The department will on Monday issue final revised guidelines that will be applicable from the next fiscal year, a DPE official said, declining to be identified.
“The earlier guidelines focused mainly on corporate social responsibility (CSR) activities for external stakeholders—how social causes and environmental concerns could be addressed through CSR projects funded by an earmarked budget for this purpose,” says the draft revised CSR guidelines posted for consultation on the DPE website. “Whereas, under the revised guidelines, a company’s corporate social responsibility is expected to cover even its routine business operations and activities.”
“Reducing the carbon footprint in business processes and bringing in ethics and transparency in business, say with public disclosure of information, will also be included under CSR,” the official mentioned above said.
The draft paper, dated 13 December, was published in consultation with the heads of public sector firms but some industry experts are sceptical of what it can achieve. “It is welcome that the guidelines broaden the definition of CSR, but they may end up confusing the message,” said Seema Arora, executive director at industry lobby Confederation of Indian Industry’s CII-ITC Centre of Excellence for Sustainable Development.
“The objective, which I think is sustainable development, should be made clear,” Arora said. “While good companies will do good in any case, if the impact from these activities is not included in assessment, it can become a tick-box exercise.”
For example, the 25% cap on employees as beneficiaries of infrastructure created under CSR may not be maintainable but that should not matter as long as the infrastructure creates a larger positive impact, she said.
While the old model prohibited expenditure on a public sector company’s own employees under CSR, the new guidelines allow expenditure incurred on infrastructure that directly benefits employees to be counted towards CSR as long as the staff are incidental gainers and form less than one-fourth of the beneficiaries.
“Own employees are important stakeholders and this idea should germinate in rules for CSR for private companies when they come about,” Arora said.
While all public sector firms were required to submit 10 projects (five each under CSR and sustainability heads), under the 2010 guidelines, they will now be required to submit for approval two projects (three in the case of larger companies such as NTPC Ltd) as long as they are “scalable”. Moreover, no distinction will be made between CSR and sustainability.
“There is a distinction between running business sustainably and setting and achieving social targets,” said Rana Som, former chairman and managing director at public sector mining company NMDC Ltd. “Companies cannot run without business and ecological sustainability considerations and neither relates to CSR, which is more about touching lives of people.”
However, Lalit K. Panwar, vice-chairman and managing director of India Tourism Development Corp.
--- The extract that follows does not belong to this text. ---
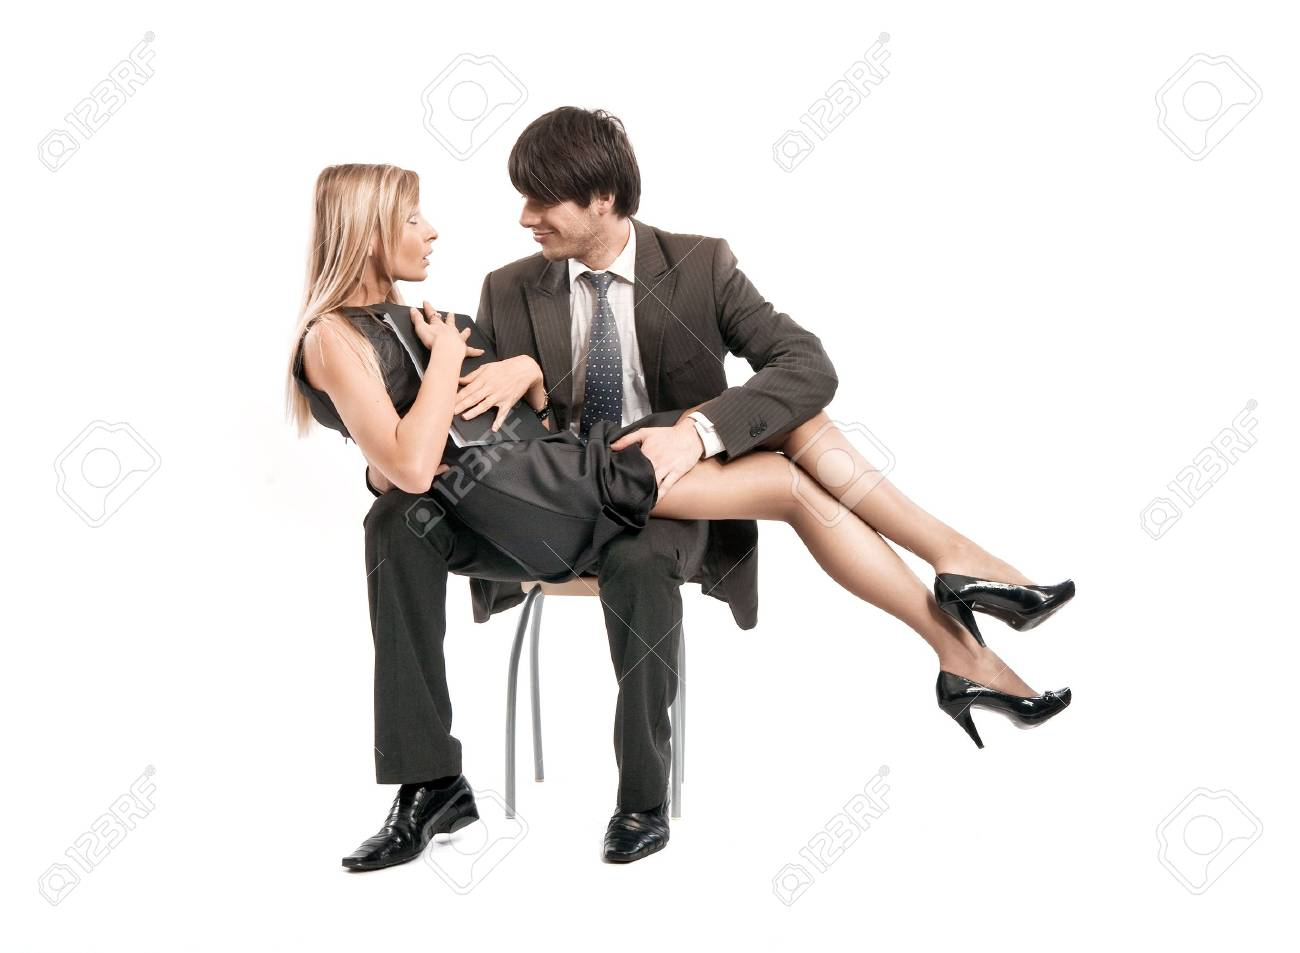 Relationships between boss and secretary Stock Photo - 8531775

Ltd, said, “Functioning in a sustainable and transparent manner is required by law, but I don’t see any conflict if companies find more innovative means under CSR to do it. Companies can regulate themselves to ensure that substantial resources are still made available for health, vocational education and gender-sensitive initiatives.”
The new guidelines leave the CSR spending norms largely unmodified, though a proposal for a minimum Rs.3 crore spending by public sector companies with annual profits of Rs.100-500 crore has been removed.
The 2010 DPE guidelines required public sector companies with profits less than Rs.100 crore to invest 3-5% of their previous year’s profit in CSR activities. For companies with Rs.100–500 crore net profit, the proportion was 2-3% and for those with Rs.500 crore or more, it was 0.5- 2%.
“We have not tinkered much with the CSR spending percentages as the companies Bill will be applicable once it gets passed,” the DPE official mentioned earlier said. The Bill, passed by the Lok Sabha in the winter session of Parliament, requires both public and private companies with net profit, or net worth, above Rs.500 crore to set up a CSR committee and invest at least 2% of their average profit of three years in CSR activities prescribed by the committee.